Kay, one of the originators of object-oriented programming and of the graphical user interface, was on hand at the demonstration to support friend and colleague Dan Ingalls, the lead on Suns Lively Kernel project. Kay commented that the demonstration resembled some of the things he'd created and demoed at the fabled Xerox PARC research facility some 30 years ago. The key difference here, however, is that all of the demonstrations took place inside a Web browser. Ingalls demonstrated the capabilities of the Lively Kernel to a crowd that included other members of the Smalltalk community.
The project began as an attempt to build a virtual machine inside JavaScript, but evolved into an entirely new platform for building Web applications. What we've done is to take the things that are given to you in a browser and bring them alive in the way I've always wanted systems to be alive, said Ingalls. The Lively Kernel is so flexible that editing its underpinnings can be done while it runs. The kernel can also spawn new copies of itself, and is recursive in the sense that a panel used to modify window styles can be modified by another instance of itself.
During the demonstration, Ingalls showed off the underlying scalable vector graphics engine of the Lively Kernel. Objects and windows created inside the kernel can be rotated, animated, enlarged and shrunk on the fly. One demonstration showed an animated clock faceIngalls modified the clock code within the Lively Kernel, and the second hand began to tick backward as soon as the change was saved. Ingalls then attached a rotating polygon to the second hand, and the two objects became a single object encompassing the inherited properties of both. All of this can be done, explained Ingalls, due to the nature of dynamic languages such as JavaScript.
The Lively Kernel is now an open source project licensed under the GPLv2; Ingalls expressed his hopes that, despite the preliminary nature of his work, the world at large would pick up this JavaScript football and run with it. At around 300KB, the Lively Kernel is designed for embedding in Web pages as a building platform. Widgets and applications built in the Lively Kernel can be exported to run in other Lively Kernel implementations, or can be clustered together on separate Web pages, in much the same way that some operating systems offer multiple dynamically switchable desktop spaces.

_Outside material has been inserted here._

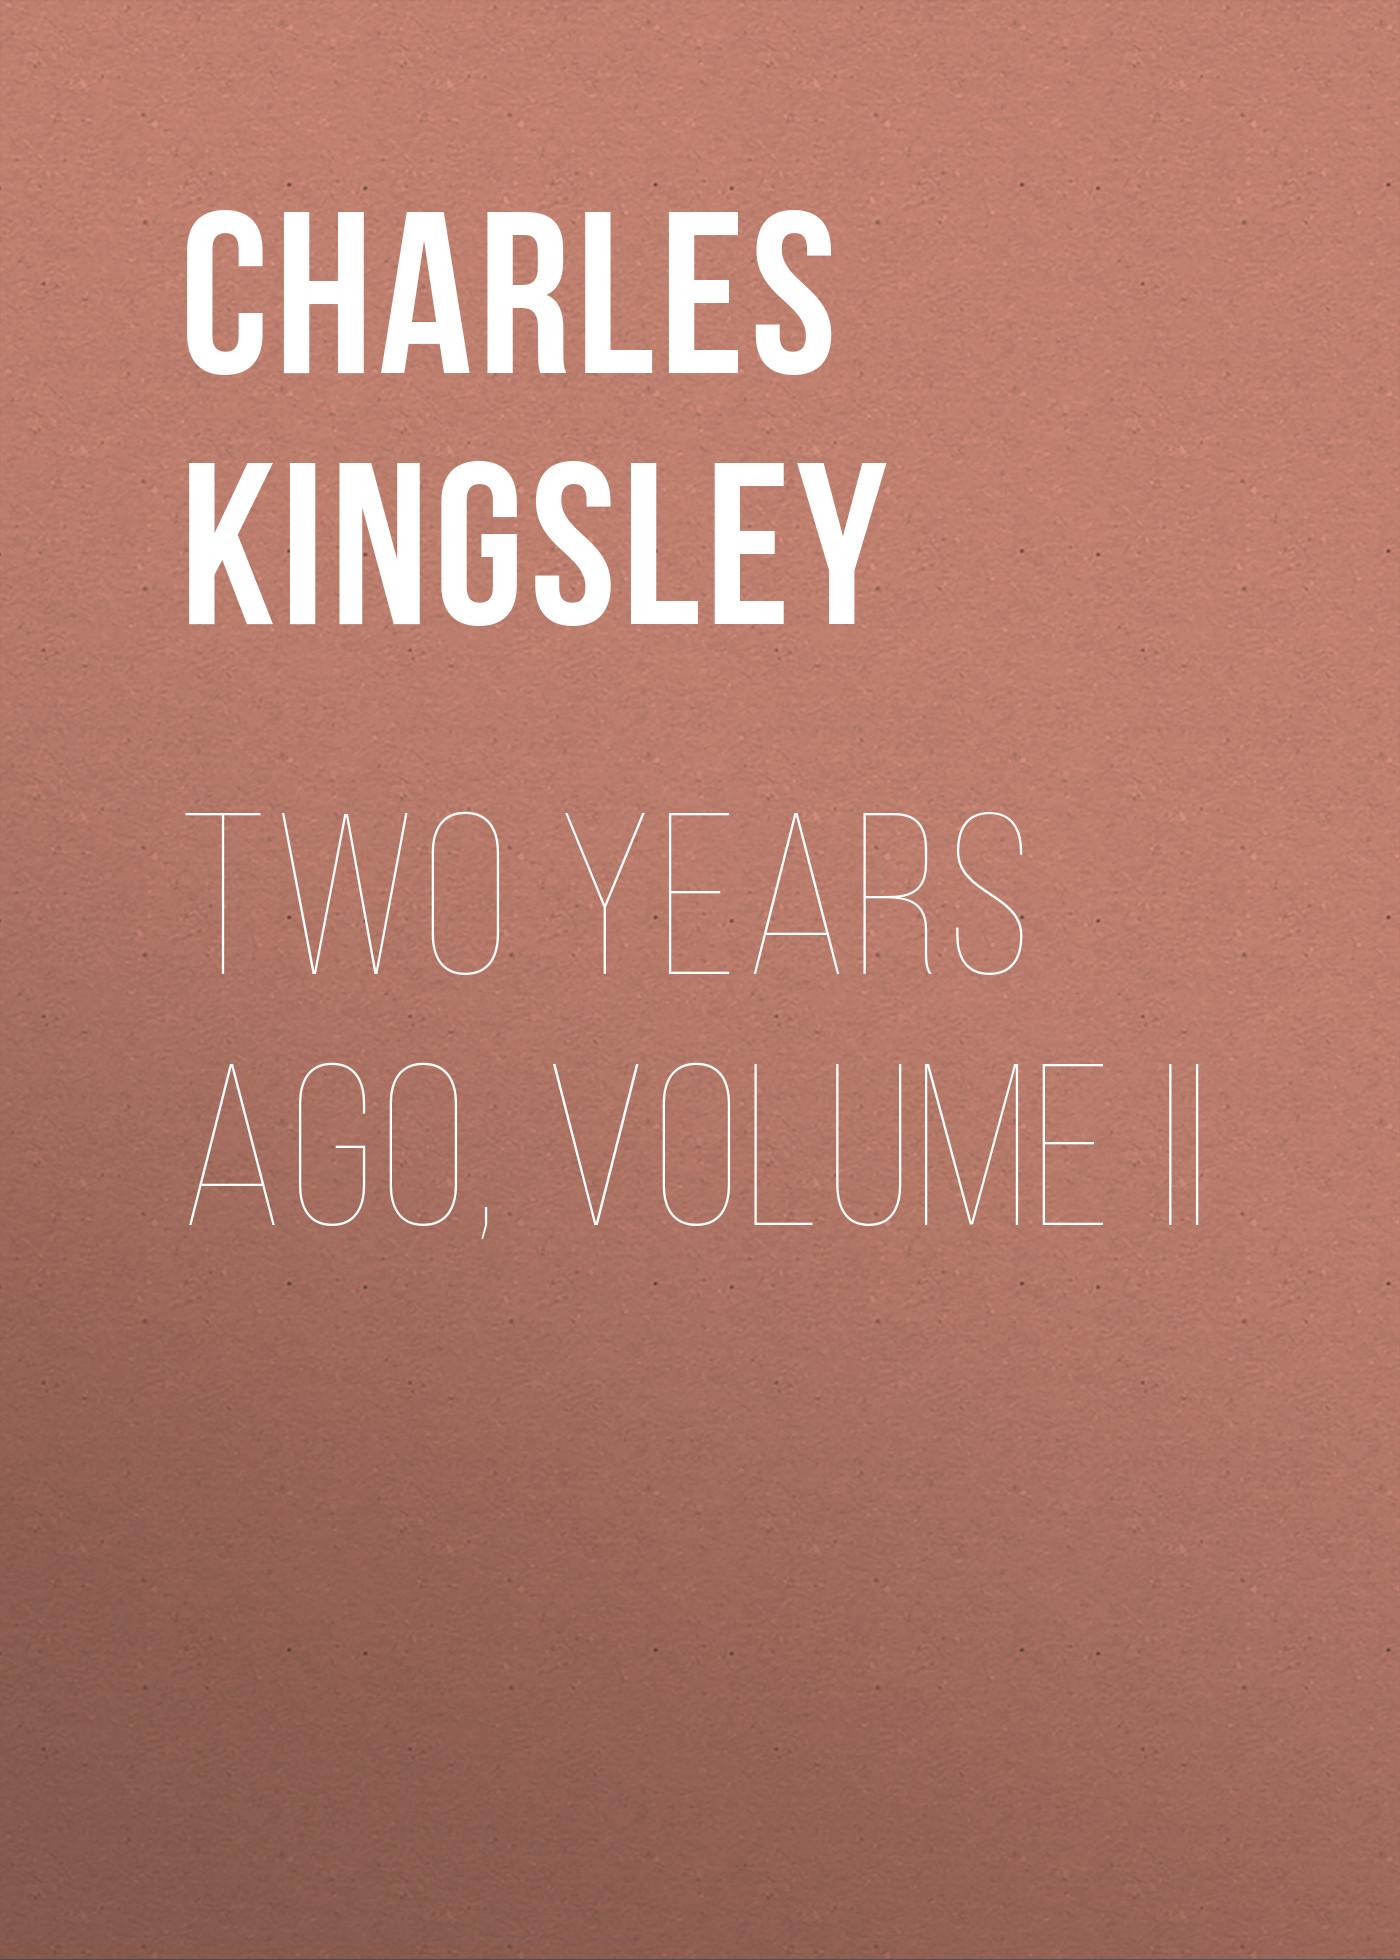 Two Years Ago, Volume II
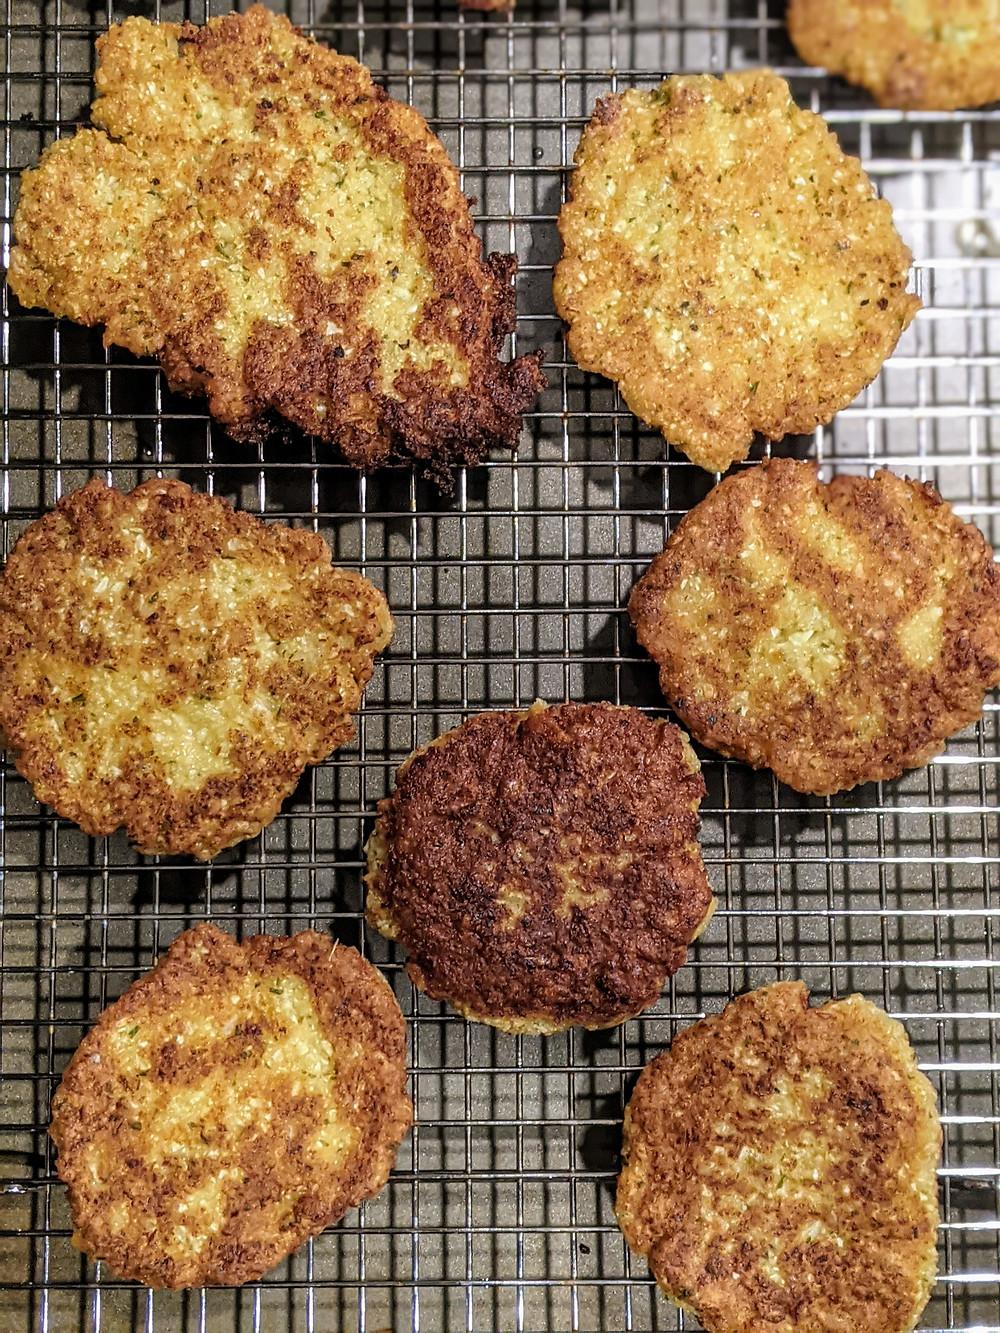 Gluten-Free and Vegan Cauliflower Hash Browns - amanda macgregor - joseph centineo - food allergy recipes

The Lively Kernel is available to play with at research.sun.com/projects/lively/index.xhtml and at this time works well only in the preview releases of the Firefox 3 and the Safari 3 Web browsers. Ingalls said that he is anxious to see how the open source community uses and modifies the Lively Kernel; he and his team have many ideas for how it may be used, but they're not entirely certain which ones will drive adoption.